An Angus rapist serving time for attacking pregnant women during a catalogue of degradation and abuse of victims has failed in a bid to have his conviction quashed.
Mark Duthie, 33, preyed on seven women during a 15-year spree of offending in which victims were subjected to rape, assault and abduction.
He began committing crimes when he was aged 16 by kicking his first victim in the stomach while she was pregnant. He raped her at a house in Forfar in 2003.
In 2011, he raped another woman in Montrose.
Another pregnant victim was kicked in the groin in Brechin in 2009.
Grounds of appeal
Lawyers acting for Duthie argued he had been wrongly convicted. They believed the time between the attacks meant the incidents could not be used corroborate each other.
They told the Court of Criminal Appeal in Edinburgh legal rules surrounding corroboration required offences to be committed closer in time to each other.
However, judges Lord Carloway, Lady Dorrian, Lord Menzies, Lord Pentland and Lord Matthews rejected this.

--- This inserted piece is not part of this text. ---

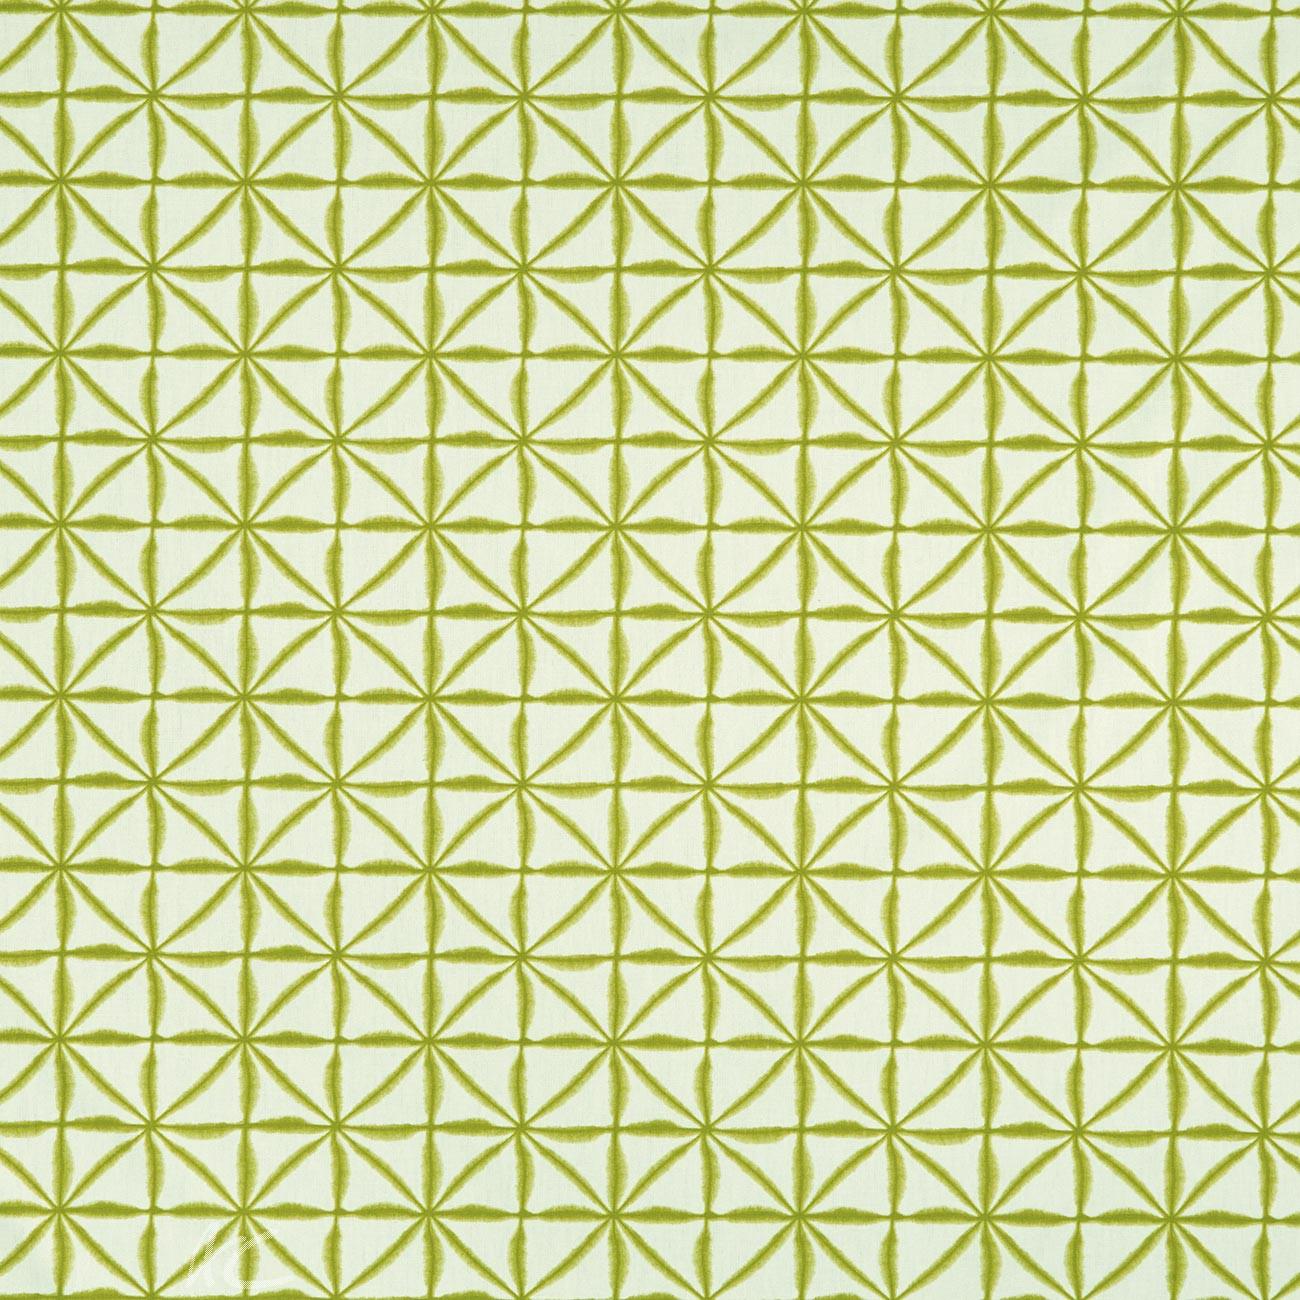 Clarke and Clarke Batik Nusa Citrus Cushion Covers

In a written judgement issued on Wednesday, Lord Carloway ruled Duthie’s conviction was safe.
He wrote: “Although there was a significant time gap between the rapes involving the two complainers, there were sufficient similarities in the appellant’s actings… to enable the jury to draw the appropriate inference of a course of conduct persistently pursued by the appellant.
“The appeal is accordingly refused.”
‘Sustained course of abuse’
At proceedings last year, Lord Boyd told Duthie, formerly of Barry, victims had experienced long lasting emotional and psychological trauma.
He had been found guilty of a total of 28 charges committed between January 2003 and January 2018.
The judge said apart from raping two of the women, Duthie had also carried out “a sustained course of physical and psychological abuse” against victims over a long period of time.
Duthie was also told he would be kept under supervision and monitored for a further two years. He was placed on the sex offenders’ register indefinitely.
He locked some of his victims in houses in Montrose and throttled women in attacks in the Angus area.